Despite its strengths, this research has limitations as well. The identified body of evidence is sparse, especially regarding cost effectiveness of iron therapy, where only one paper on IV therapy was identified. Therefore, any conclusion on cost effectiveness of oral or IV iron therapy remains speculative. Cost effectiveness of EPO together with oral iron therapy was investigated by four studies, which were, however, mostly outdated. Despite the additional sensitivity analyses we conducted, this remains a source of uncertainty. Furthermore, these studies focussed only on orthopaedic or cardiac surgery. The cost effectiveness of EPO in other high-risk surgical procedures (e.g. abdominal surgery) remains unproven [39]. In addition, the evaluations were limited to transfusion avoidance, and adverse events associated with this. Including other clinically important outcomes with a large impact on cost (e.g. return to operating theatre due to bleeding) would have added value. A full health technology assessment with a long-term time horizon on cost effectiveness of pre-operative EPO and/or iron therapy in anaemic elective surgery patients, addressing the current clinical and economical context, is warranted for a more precise ICER estimate.

Conclusions

Cost-effectiveness of iron monotherapy, whether oral or IV, for anaemia correction in elective surgery patients remains unclear due to lack of data, whereas EPO and oral iron is not found to be cost effective, based on the currently available data originating from only four studies in orthopaedic and cardiac surgery. Future guideline projects should consider these cost-effectiveness data when formulating recommendations on the use of iron and/or ESA therapy to treat patients with preoperative anaemia scheduled for elective surgery.

Below is the link to the electronic supplementary material.

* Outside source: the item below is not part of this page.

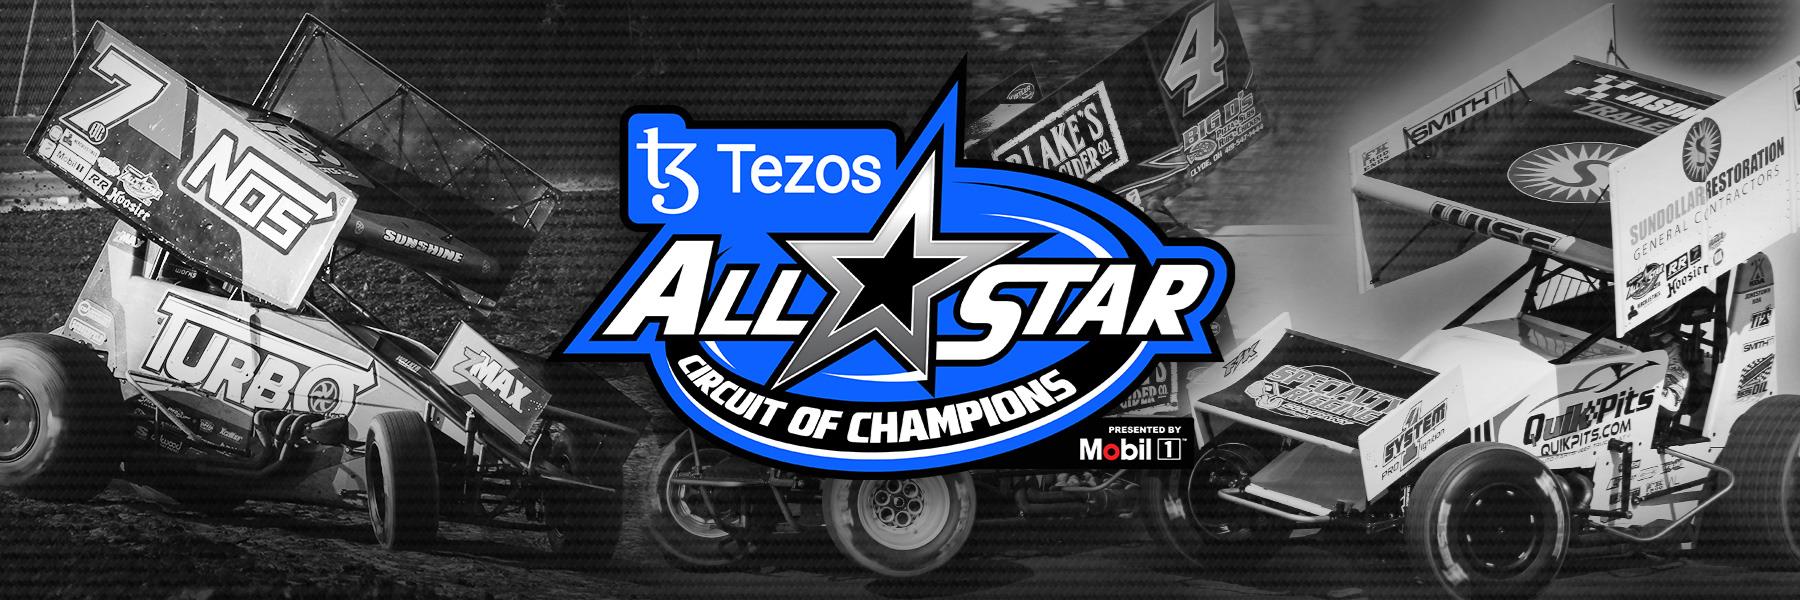 FloRacing All Star Circuit of Champions presented by Mobil 1 reveals

Supplementary file1 (DOCX 28 kb) Online Resource 1: PRISMA checklist

Supplementary file2 (DOCX 50 kb) Online Resource 2: Extended methods section

Supplementary file3 (DOCX 624 kb) Online Resource 3: Search strings

Supplementary file4 (DOCX 33 kb) Online Resource 4: Updated cost-effectiveness data used in sensitivity analyses

Supplementary file5 (DOCX 158 kb) Online Resource 5: List of excluded studies with reasons and studies awaiting classification

Supplementary file6 (DOCX 69 kb) Online Resource 6: Philips checklist for assessment of the reporting quality of the included economic analyses

Supplementary file7 (XLSX 40 kb) Online Resource 7: Sensitivity analyses with updated cost-effectiveness data

Routine preoperative erythrocyte-stimulating agents and oral iron treatment for anaemia correction in elective surgery is likely not a cost-effective procedure, with incremental cost-effectiveness ratios of 20–65 million per (quality-adjusted) life-year gained (GBP or CAD), while the evidence on intravenous or oral iron monotherapy is too scarce to make strong conclusions.

Based on the limited data available, erythrocyte-stimulating agents combined with iron are likely not an affordable alternative to blood transfusions in anaemic elective surgery patients. The evidence on cost effectiveness of iron monotherapy, whether intravenous or oral, in these patients is scarce, and given the lack of demonstrated effectiveness, routine use may not be warranted until further evidence on effectiveness emerges.